A Render account with Workflows enabled.
The Render CLI 2.12.0+ for the local dev server and manual task starts.
Python 3.11+ or Node.js 20+, depending on the language tab you pick.
At least one of an OpenAI API key or a Google AI API key. Setting both lets you fan across all three supported models.
Docker for the local MinIO container, or any S3-compatible bucket you already have credentials for.
Comfort with Render Workflows, or completed the quickstart.

Image generation costs real money. The local runs in this tutorial use 1 to 6 images at a time, which is cents, not dollars.

Why fan-out matters for image generation

Image APIs have wildly different latencies. A Gemini Flash call comes back in 3 to 5 seconds. DALL-E 3 is 15 to 30 seconds. GPT-Image-1 is somewhere in between. Run them sequentially for one prompt and you’re waiting on the slowest model. Run them sequentially for a batch of 50 prompts and you’re hours deep before the first result lands.

Fan-out flips that. Each (prompt, model) pair runs in its own task, on its own instance. The whole batch finishes in roughly the time of the slowest single call, regardless of batch size. That’s the punchline you’ll prove in step 7.

The system at a glance

A single call to generateBatch spawns one subtask per (prompt, model) pair.
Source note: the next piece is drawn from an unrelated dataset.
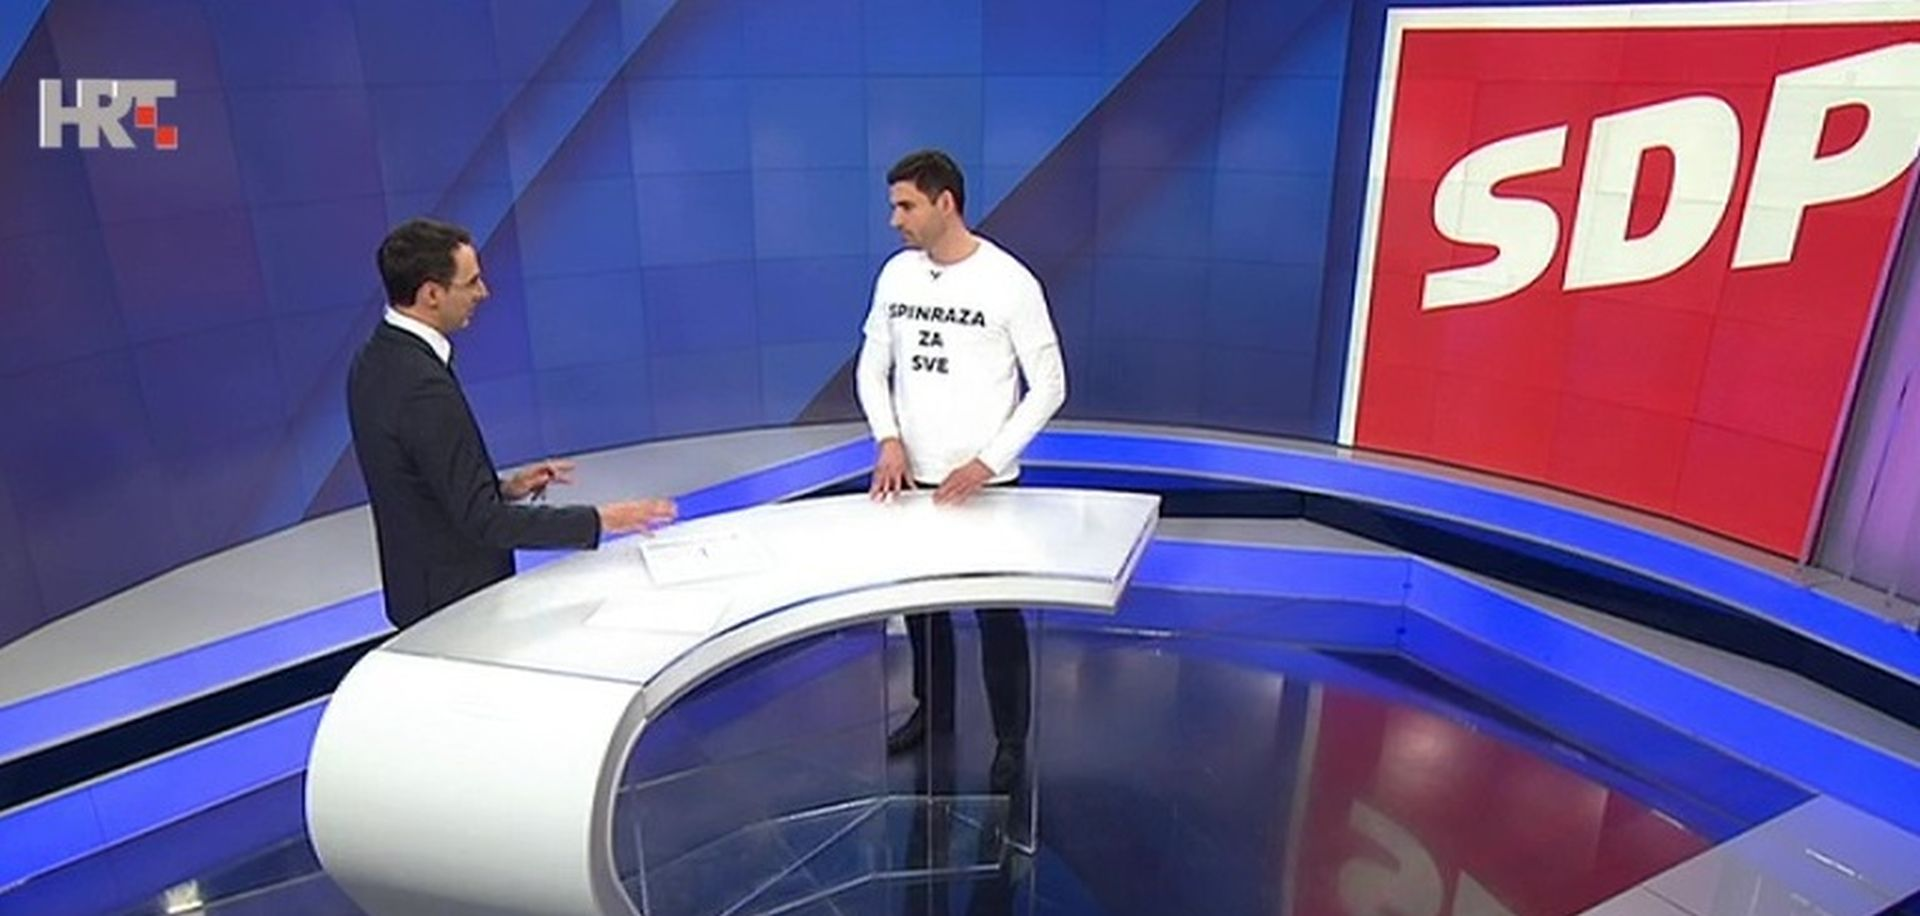 Bernardić na HTV-u u majici Spinraza, nije uspio pričati o njoj

Each subtask calls its provider’s image API, downloads the bytes, and uploads the finished JPEG to MinIO. The parent task aggregates the storage URLs and returns them to the SDK client. The reference repo’s frontend and API service are out of scope. You’ll work with the workflow service and a small SDK trigger script.

What you’ll ignore from the reference repo

The reference ships a React frontend, two API servers (Express and FastAPI), and the workflow service. You only need the workflow folder (workflow-ts/ or workflow-python/) and the shared/ config. Skip the rest.

You're running a batch of 20 prompts across 3 image models. Gemini takes 4s, GPT-Image-1 takes 12s, DALL-E 3 takes 25s. Roughly how long should the whole batch take when each (prompt, model) pair runs as its own task in parallel?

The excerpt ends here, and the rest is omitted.